The group convolution already hints at the general definition — replace the group operation with an arbitrary binary operation and nothing breaks.

Def : Binary Operation convolution For $f, g : M \rightarrow \mathbb{C}$, a measure $\mu$ on $M$, and a binary operation $b : M \times M \rightarrow M$. \[\begin{equation}(f *_{b,\mu} g)(z) = \int d\mu(x) d\mu(y) f(x)g(y)\delta(z, b(x,y))\end{equation}\]

with $\delta(x,y)$ the dirac delta distribution, $\int d\mu(x) f(x) \delta(x,y) = f(y)$

For our real convolution this reduces to the expected:

\[\begin{equation}(f *_{+,\mu_L} g)(z) =\int dx f(x)g(y)\delta(z-x-y) = \int dx f(x)g(z-x)\end{equation}\]

For a group :

\[\begin{equation}(f *_{\cdot,\mu} g)(z) = \int d\mu(x) d\mu(y) f(x) g(y) \delta(z, xy)\end{equation}\]

With a change of variables $y = x^{-1}y'$ (assuming the measure is invariant under group action)

\[\begin{equation} \int d\mu(x) d\mu(y') f(x) g(x^{-1}y') \delta(z, y') = \int d\mu(x) f(x) g(x^{-1}z) \end{equation}\]

Example

Dirichlet Convolution is an example where the binary operation does not define a group.

Taking domain $\mathbb{N}$ and integer multiplication

\[\begin{equation} (f * g)(n) = \sum_{m \in \mathbb{Z}} \sum_{d \in \mathbb{Z}} f(d)g(m) \delta(n, md) \end{equation}\]

For a fixed $d$ the delta is non-zero if $d$ divides $n$

\[\begin{equation} (f * g)(n) = \sum_{d | n} f(d)g(n/d) \end{equation}\]

Multiplication on $\mathbb{N}$ has no inverse — $\mathbb{N}$ is not a group under multiplication — yet convolution is perfectly well-defined.
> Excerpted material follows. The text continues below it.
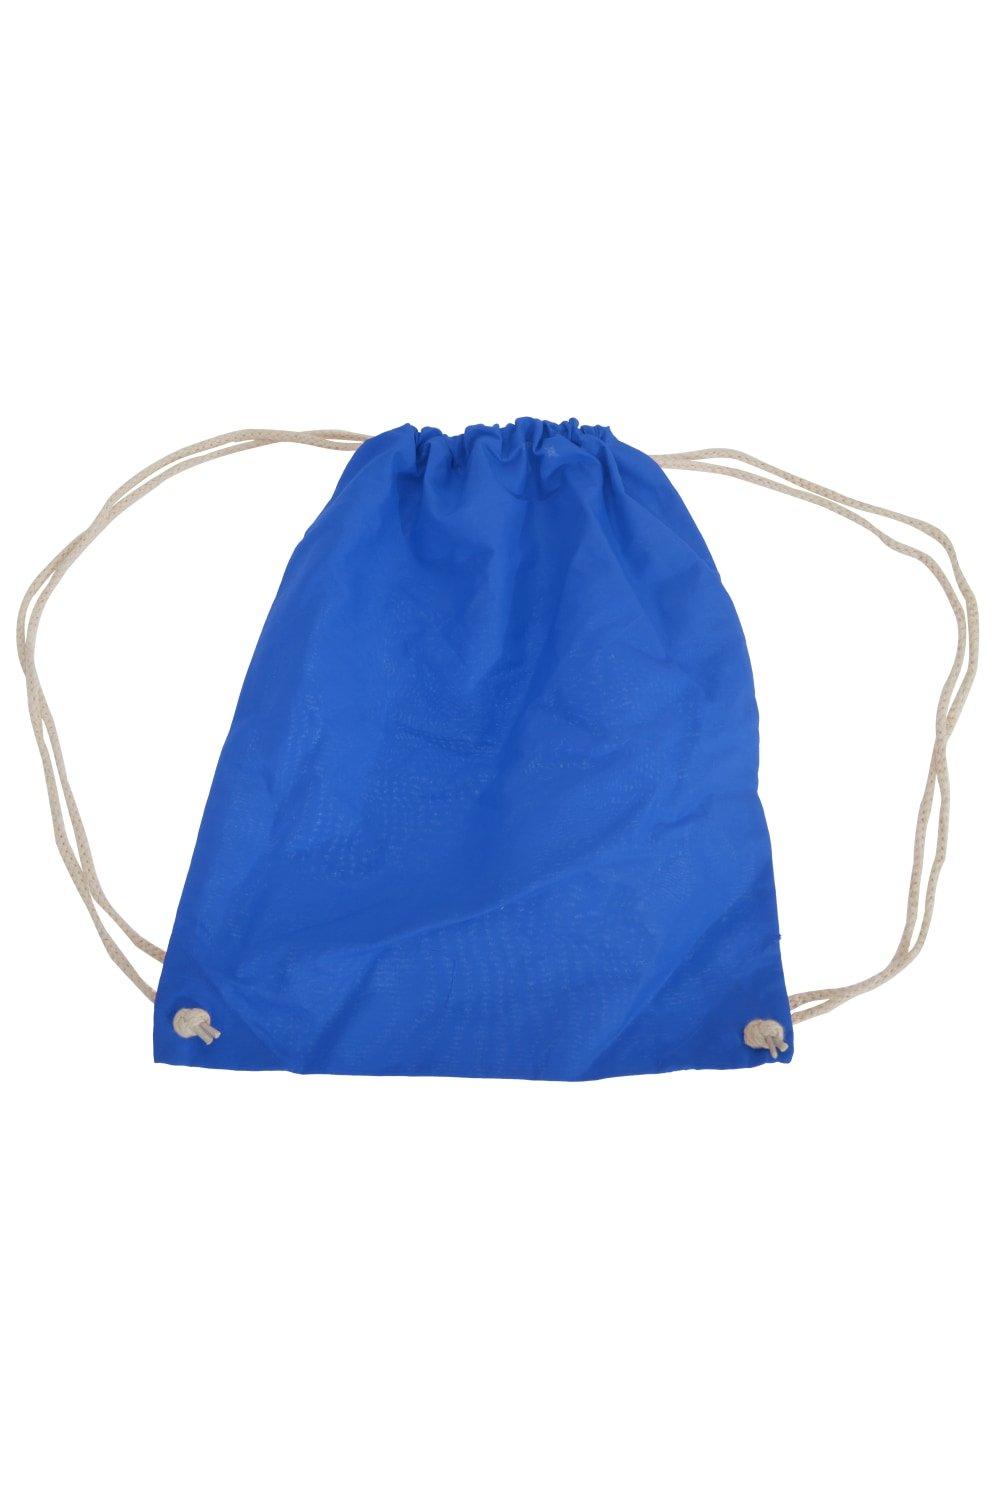 Хлопковая сумка Gymsac - 12 литров Westford Mill, синий

The delta picks out divisor pairs.

Properties

Linear in both $f$ and $g$
Is commutative and/or associative if the binary operation is.

More General Convolution

Def: External Binary Operation Convolution

Given an external binary operation from $e: K \times X \to X$.

Given a measure $\nu$ on $K$ and a measure $\mu$ on $X$.
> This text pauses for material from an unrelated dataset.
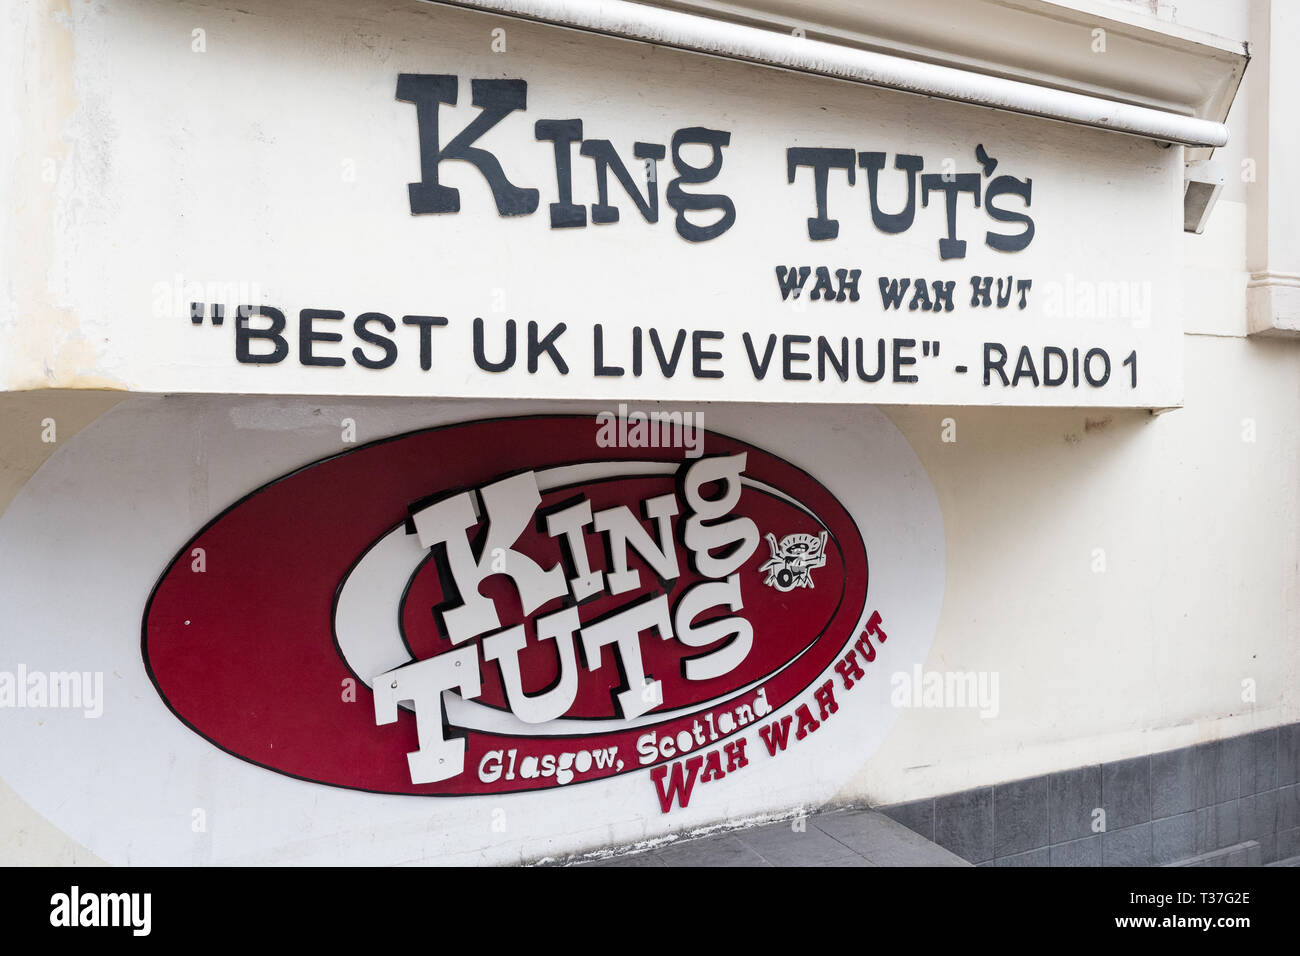 King Tuts Wah Wah Hut music venue, Glasgow, Écosse, Royaume-Uni Banque D'Images

\[\begin{equation}(f *_{e,\nu,\mu} g)(y) = \int d\nu(k) d\mu(x) f(k)g(x)\delta(y, b(k,x))\end{equation}\]

Familiar Example : Graph Convolution

For a graph $G = (V, E)$ with adjacency matrix $A$, graph convolution is an instance of the external binary operation convolution. The external action is the edge map:

\[\begin{equation}e : V \times V \to V, \quad e(u, v) = v \text{ for } (u,v) \in E\end{equation}\]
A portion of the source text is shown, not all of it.